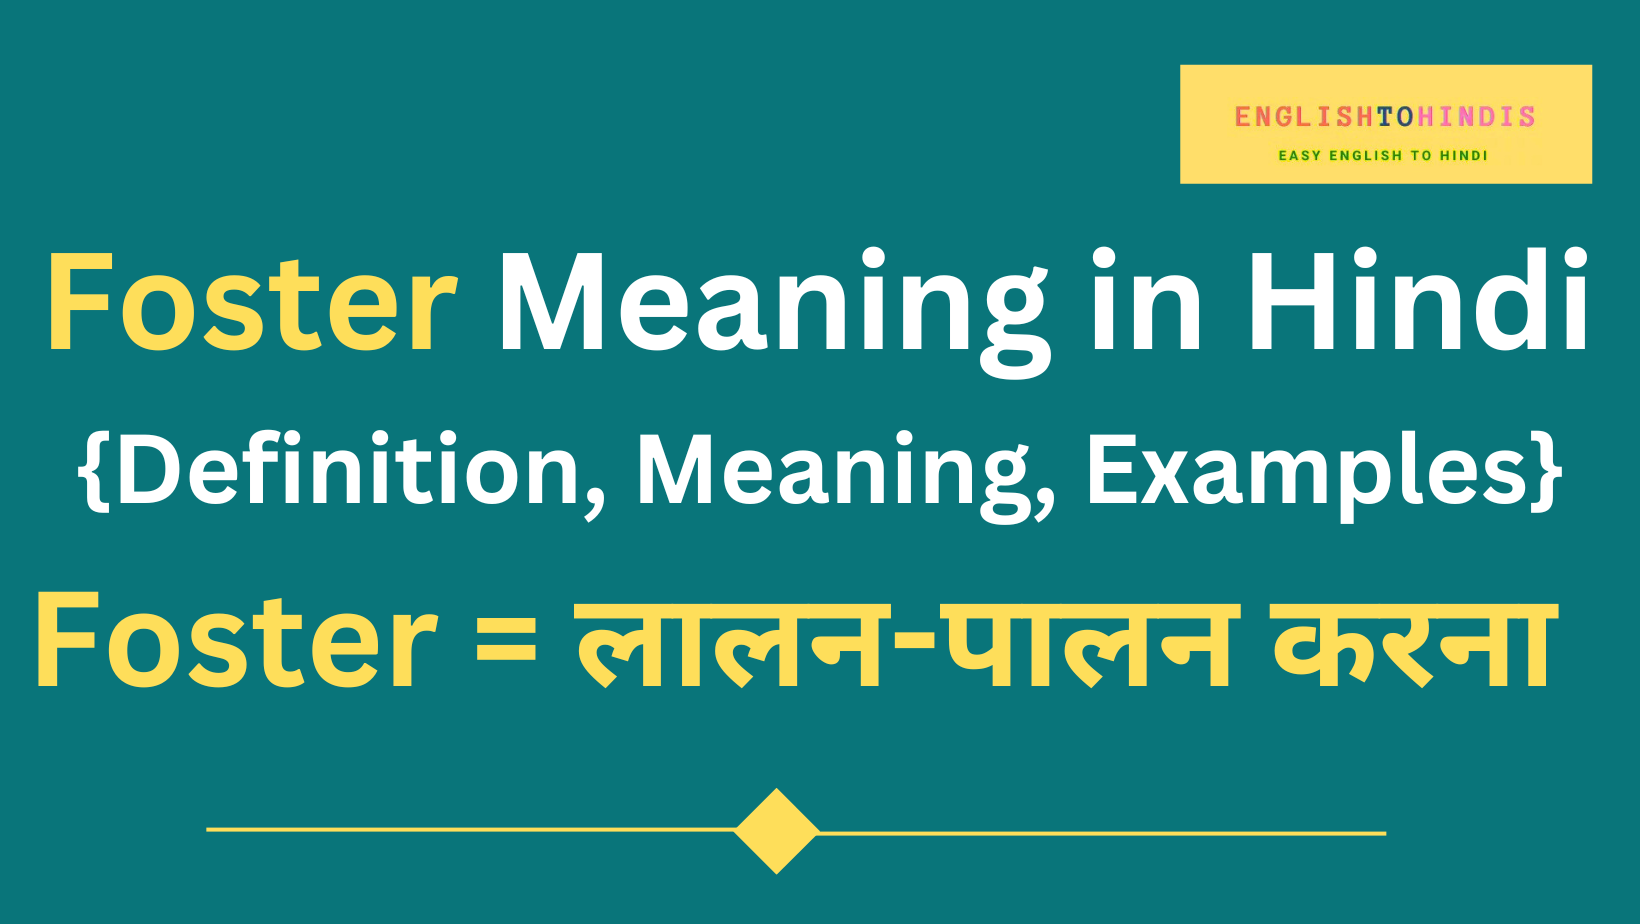 Foster Meaning in Hindi
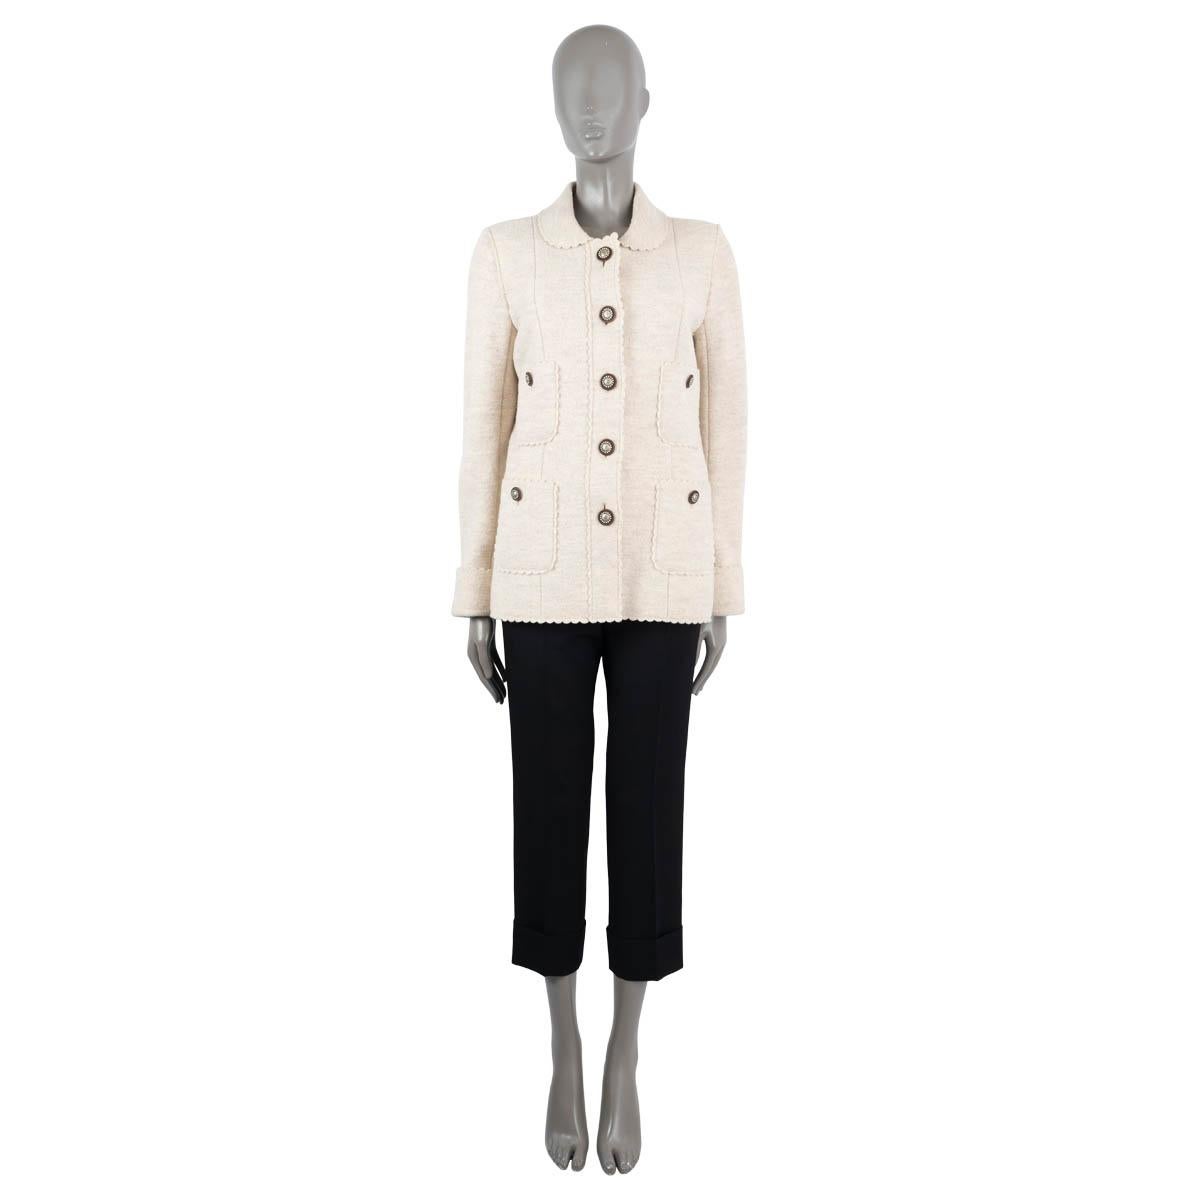 100% authentic Chanel jacket in cream wool (100%). Featuring four patch pockets on the front, a peter pan collar and scalloped edges. Closes with buttons on the front and is lined in silk (100%). Has been worn and is in excellent condition.

2014

* Prompt *
The lines running from the one with "100% authentic Chanel" to the close of the material above are to be retyped exactly; no picture is to be included.

* Task result *
 100% authentic Chanel jacket in cream wool (100%). Featuring four patch pockets on the front, a peter pan collar and scalloped edges. Closes with buttons on the front and is lined in silk (100%). Has been worn and is in excellent condition.

2014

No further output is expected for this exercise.